RECORDED INFORMATION
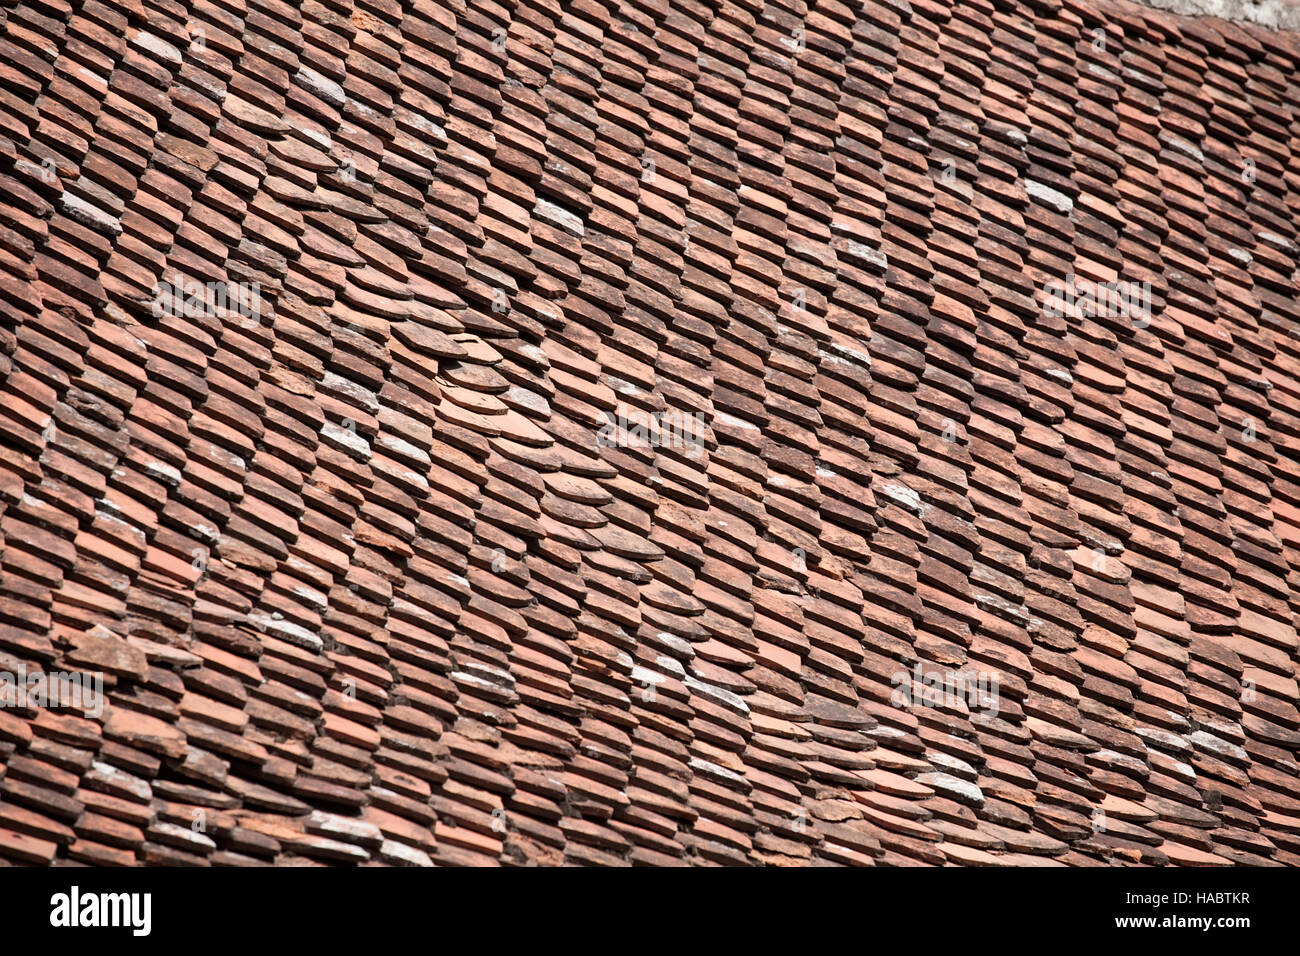 El techo de tejas de arcilla roja textura patrón closeup Foto de stock
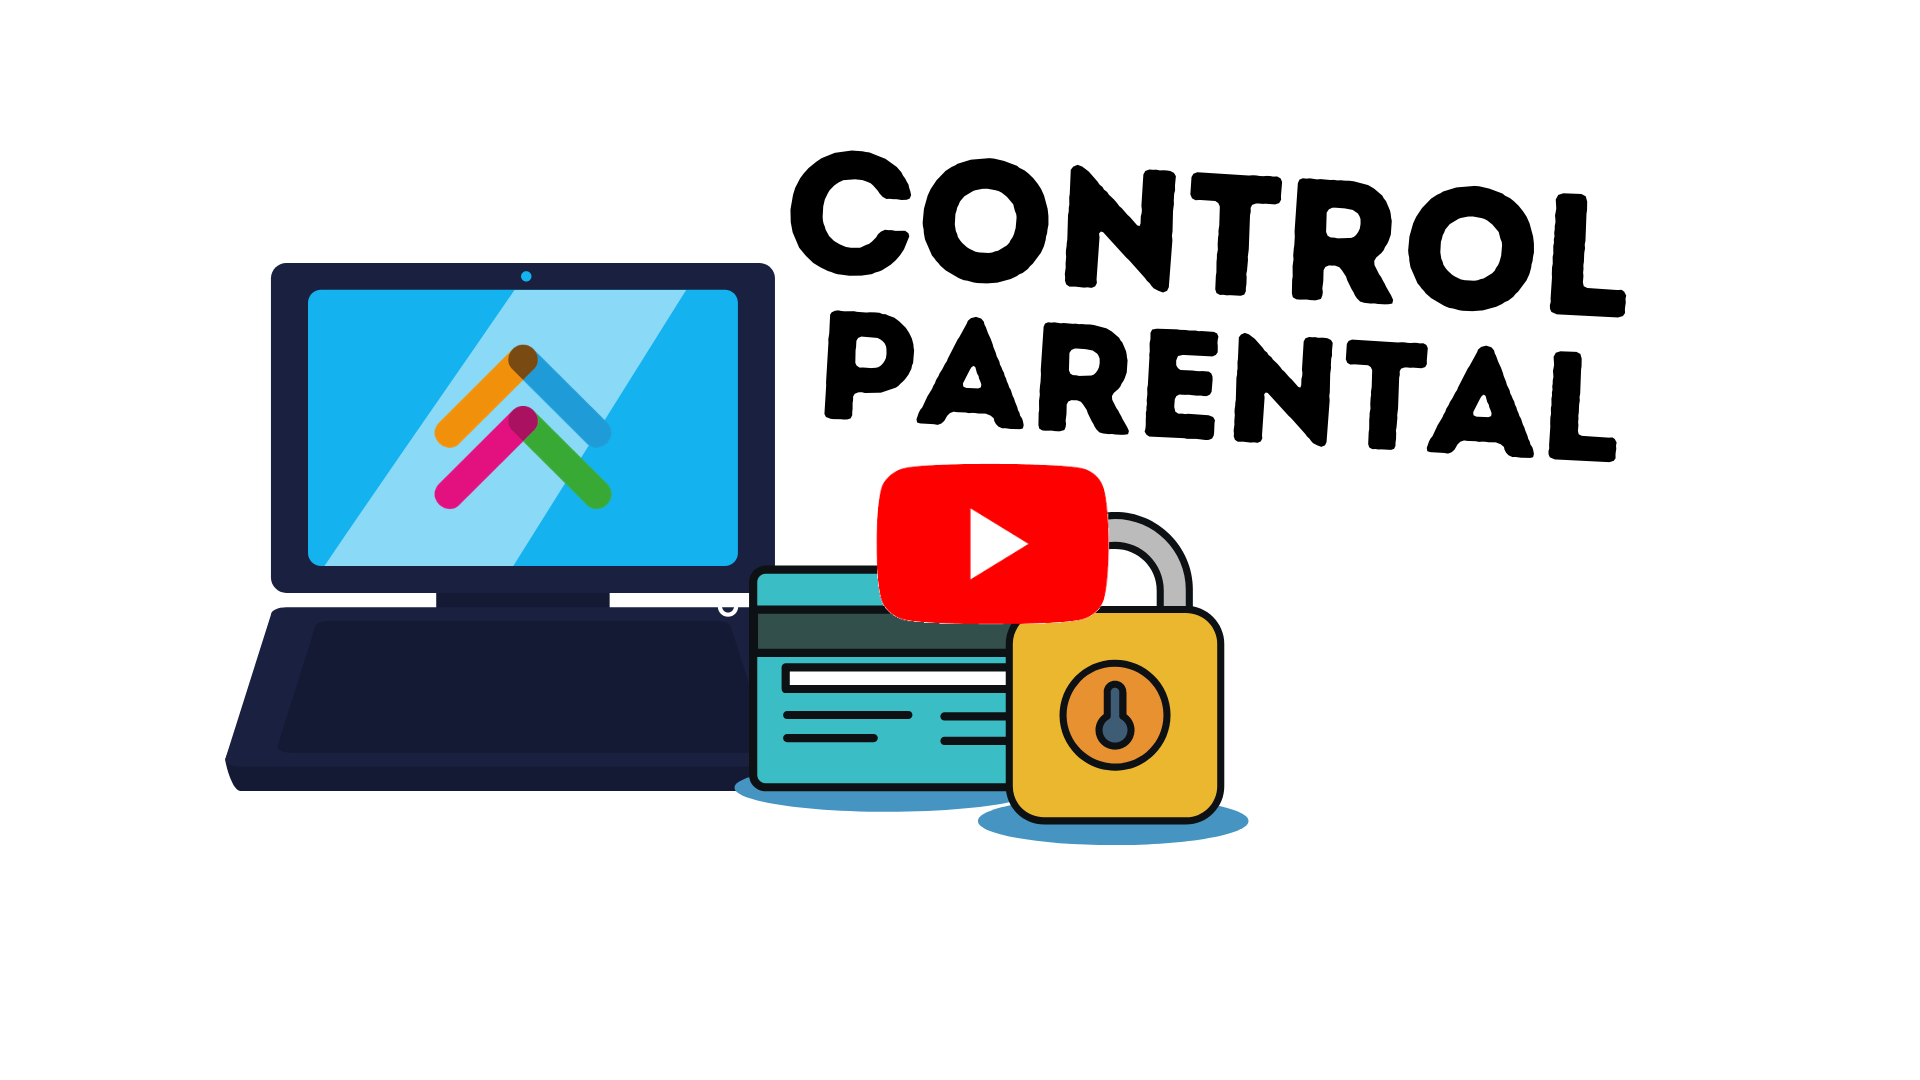 Родительский контроль в интернете. Родительский контроль картинки. Родительский контроль иллюстрация. Родительский контроль в интернете картинки.
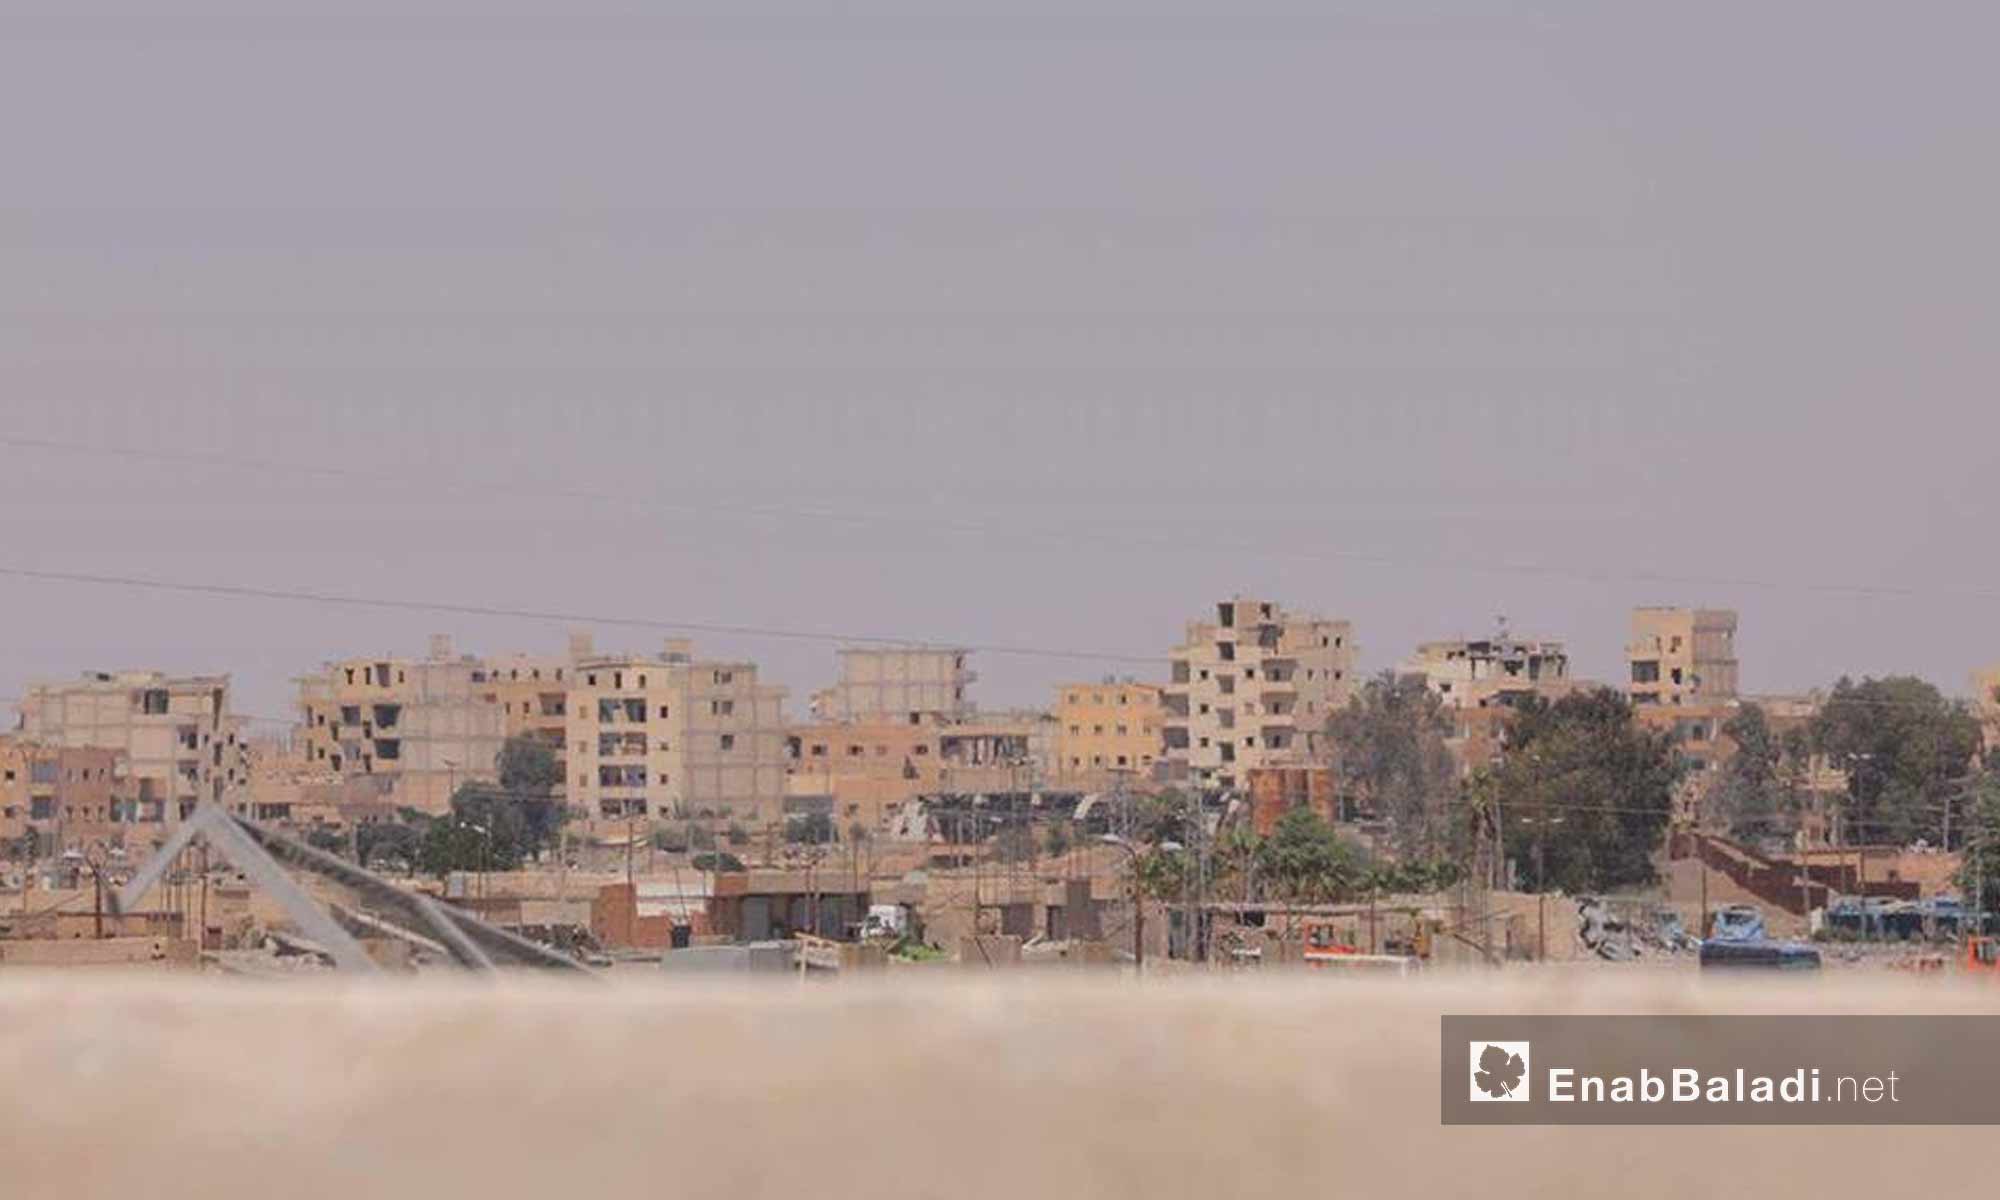 حي الصناعة في مدينة الرقة بعد سيطرة قوات سوريا الديموقراطية عليه - 28 تموز 2017 - (عنب بلدي)

HOW TO COMPLETE THIS TASK
Extract the full listing above verbatim; pictures are to be left out of the copy.

EXERCISE SOLUTION
 El techo de tejas de arcilla roja textura patrón closeup Foto de stock
 Родительский контроль в интернете. Родительский контроль картинки. Родительский контроль иллюстрация. Родительский контроль в интернете картинки.
 حي الصناعة في مدينة الرقة بعد سيطرة قوات سوريا الديموقراطية عليه - 28 تموز 2017 - (عنب بلدي)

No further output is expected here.